If Good Friday represented mankind’s verdict on Jesus and his claims, Easter provides us with God’s verdict. It was startling and perplexing then and it is startling and perplexing now: The Crucified Lives. The witnesses to the Resurrection were, perhaps, more startled by the fact of resurrected life while we later Christians are more perplexed, still, by the fact that Jesus was crucified. But, this is the Easter proclamation: The Crucified Lives! Not just anyone triumphed over death, but the one who was crucified. The one whom mankind killed, he has been raised up.
Good Friday confirmed that Jesus was, as charged, a blasphemer and an imposter. The man who had claimed such intimacy with God, who had dared to forgive sins in God’s name, that man was abandoned by God to an ignominious death. From the Cross, Jesus cried out “My God, my God, why have you abandoned me,” but God did not come down and save his own. The most frightening thing about death is its abysmal loneliness, and Jesus died utterly alone, abandoned by his disciples and even by his God. And, because Jesus’ claims of divine sonship were directly contrary to the beliefs by which his society organized itself, he was not just wrong, but criminally wrong, a threat to be exterminated. And so, he was crucified.
The misery and loneliness of Good Friday were real. But, now, in the light of Easter, the event of Jesus’ death looks entirely different. God did not reject the one who was rejected but highly exalted him. The blasphemer, the imposter, is shown to have been true and right, confirmed as the Son of God by God, not by man. And, by sharing in the totality of man’s life, including death, Jesus has conquered life in its entirety. His death is the death of death and hell’s destruction. His participation in suffering ennobles all of our human sufferings, showing us how they can draw us closer to God, not alienate us from Him. Jesus’ surrender unto the Father shows us how frightening and demanding can be the words Jesus taught us to pray: “Thy will be done.”
Martin Luther believed that the crucifixion represented all that was wrong and evil and ugly about the world because it was the rejection of God. But, Hans Urs von Bathasar countered that the crucifixion, seen in the light of Easter, is the very form of the beautiful, that God’s grace always wears a veil of suffering when surrounded by sin and that the Christian is called to recognize the Gospel as the complete vindication of suffering love. “For either the character of Christian revelation is seen and grasped in its entirety as the glorification of absolute love by itself, or it is not perceived at all,” Balthasar wrote.

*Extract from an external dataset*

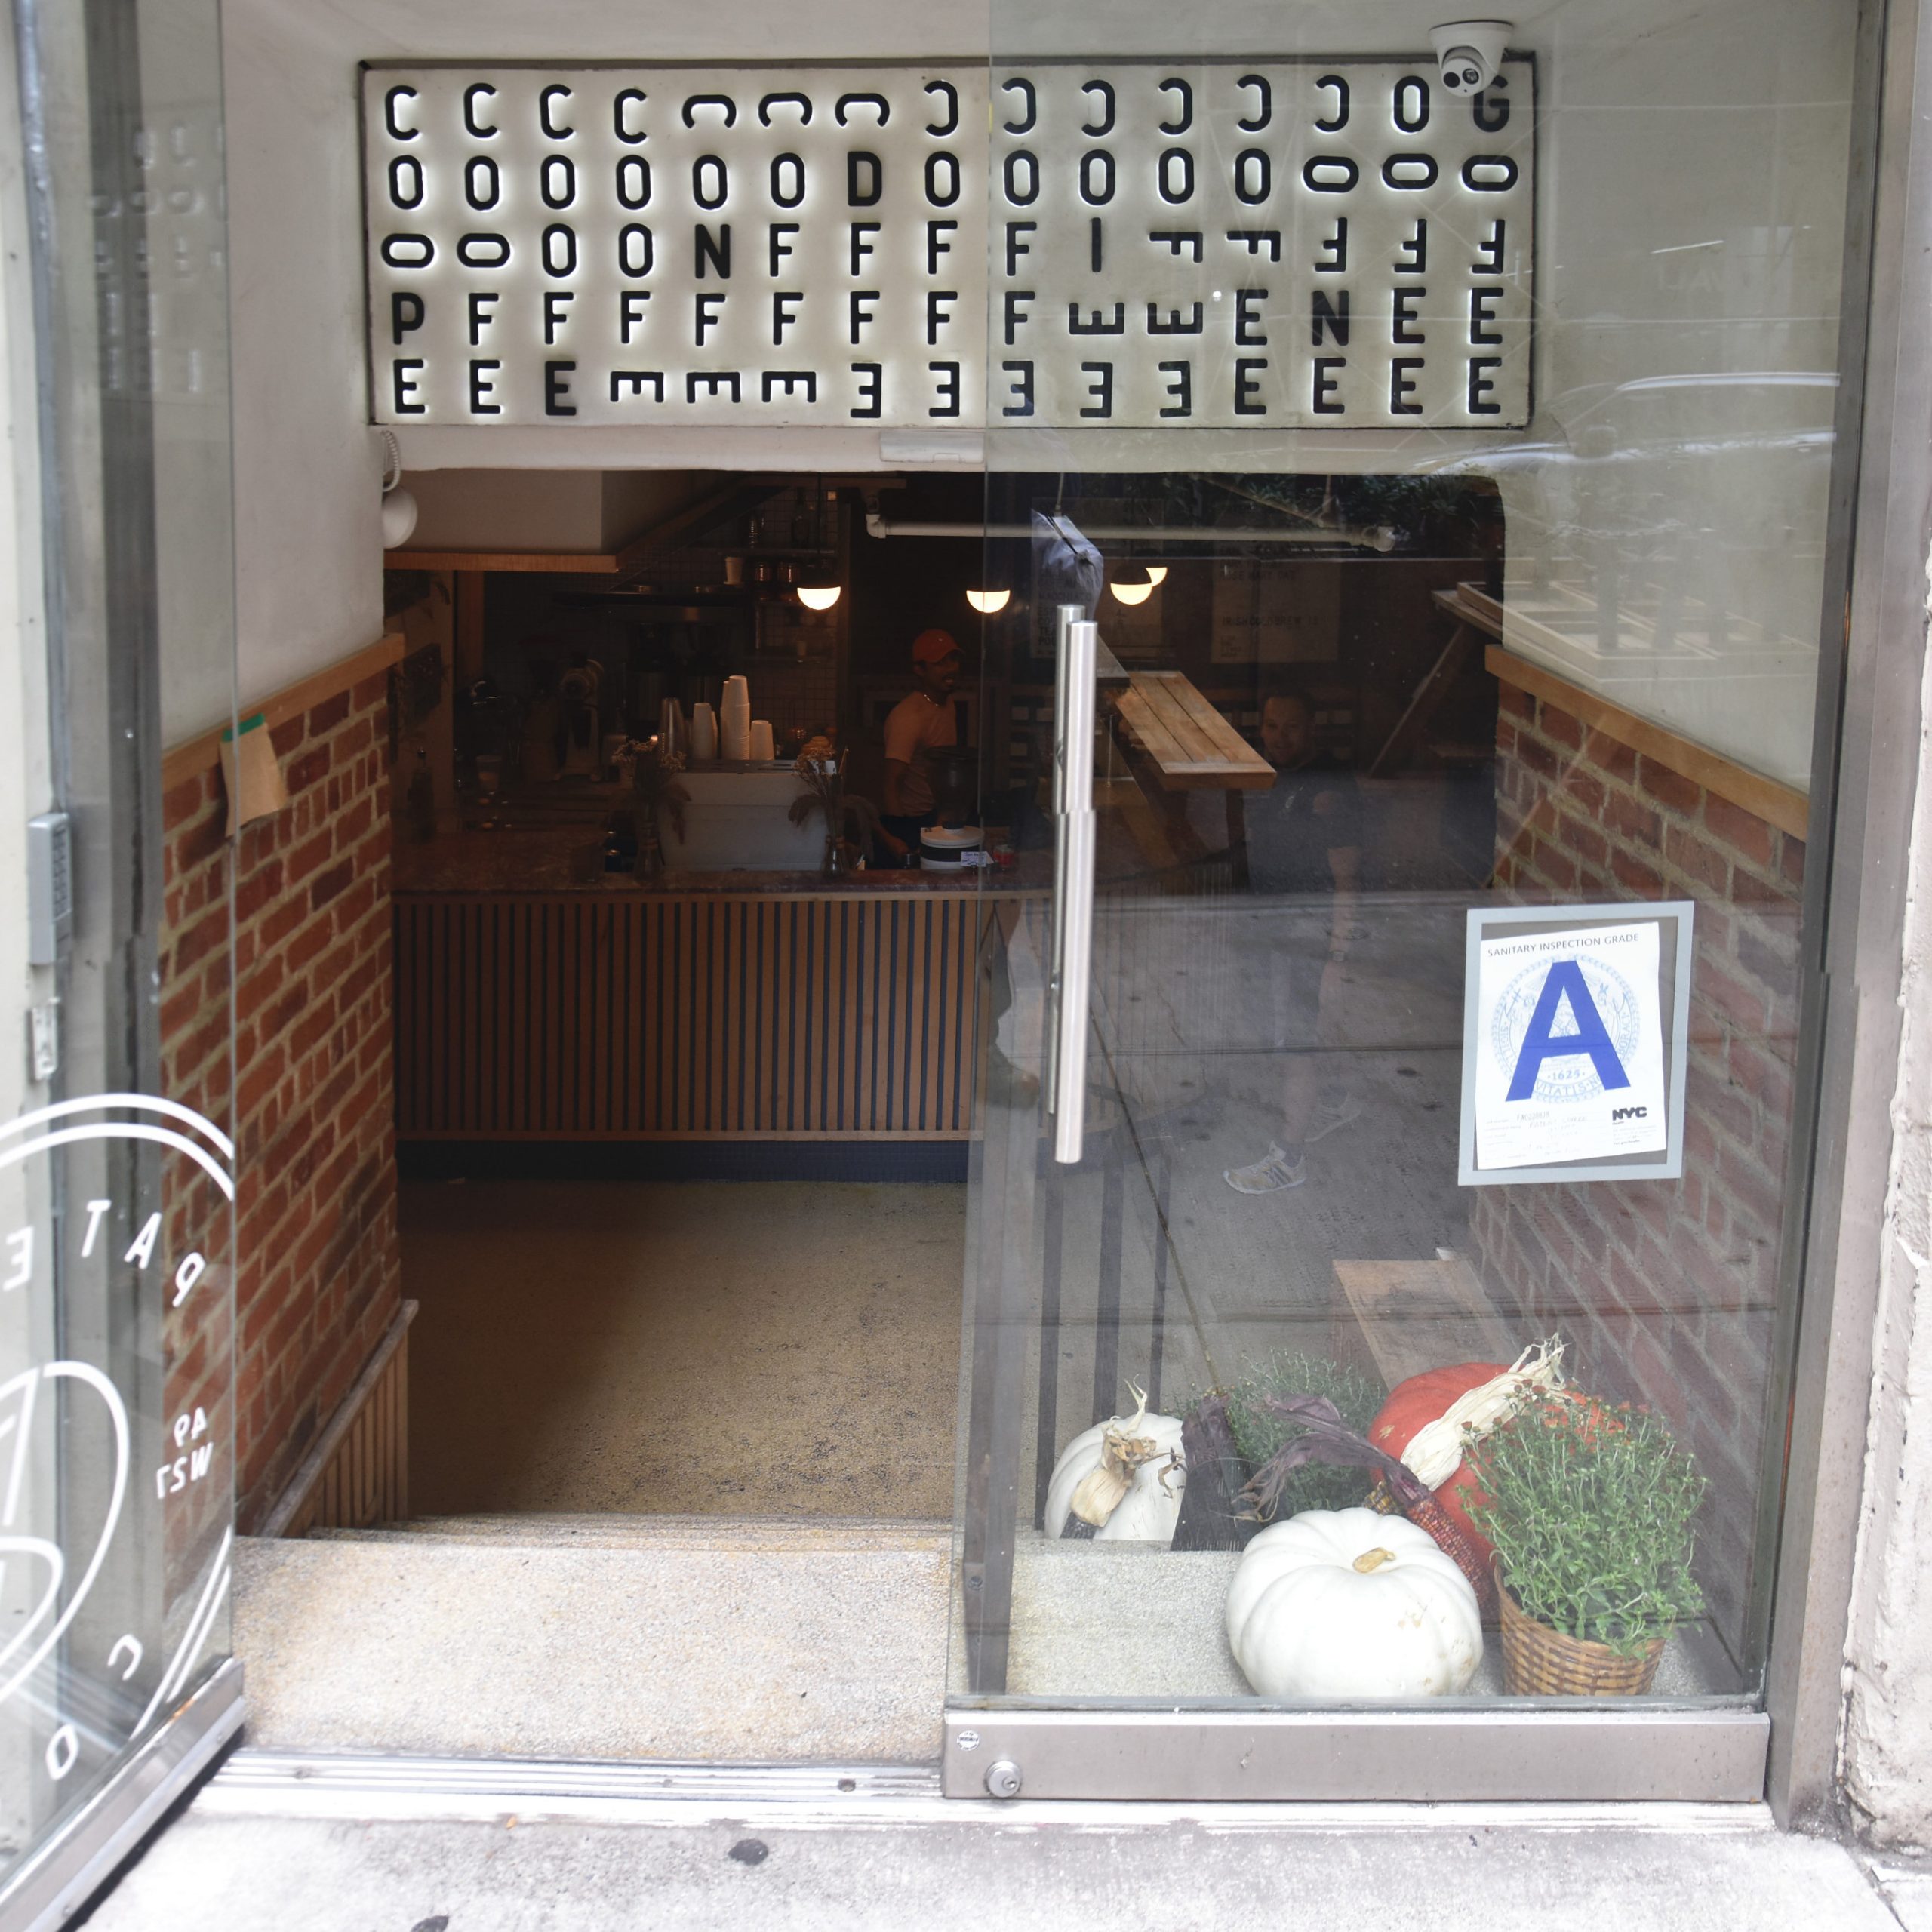 The glass double doors at the entrance to Patent Coffee in the Radio Wave Building in New York City. The left one is open, beoynd which are broad stone steps descending to basement, with the counter of Patent Coffee visible at the back.

Balthasar would often give retreats to priests and he would finish with the Gospel of John, including the reading we heard at Mass Easter Sunday morning. Balthasar would note that it is the disciple whom Jesus loved who outruns Peter and gets to the tomb first, but then waits for Peter to catch up and enter the tomb first. For Balthasar, this tells us something important about the life of the Church, that the church of love, represented by the disciple whom Jesus loved always outruns the church of authority, represented by Peter, although the church of love must often stop and wait and even defer to the church of authority. Balthasar would go on to recall the post-Paschal scene in the Gospel of John in which Peter grows envious of the beloved disciple and asks Jesus what will happen to him. “If it is my will that he remain until I come, what is that to you?” Jesus tells Peter. Balthasar concluded: “It is not [Peter’s] business to know exactly where the boundaries between the official Church and the Church of love are to be found….The last thing said to the servant Peter, the last word of the Lord in the Gospel, is the watchword to the Church and theology in every age: ‘What is that to you?’” The next time someone breezily dismisses Balthasar as a mere conservative theologian, ask them about this passage.
Christos Aneste. Alithos aneste. Christ is risen. He is truly risen. This is the basis of our faith. The world that rejected Jesus and crucified him is not, in turn, rejected by God. It is redeemed. And the work of redemption now falls to us. It is glorious work and it is easy to spot. Everytime we witness to the suffering love of the crucified who lives, that work is evident. We look to Easter and we see Good Friday. We look to Good Friday and now we see Easter. They are now linked, the very bond between life and death, and between heaven and earth, between God and man. The crucified lives.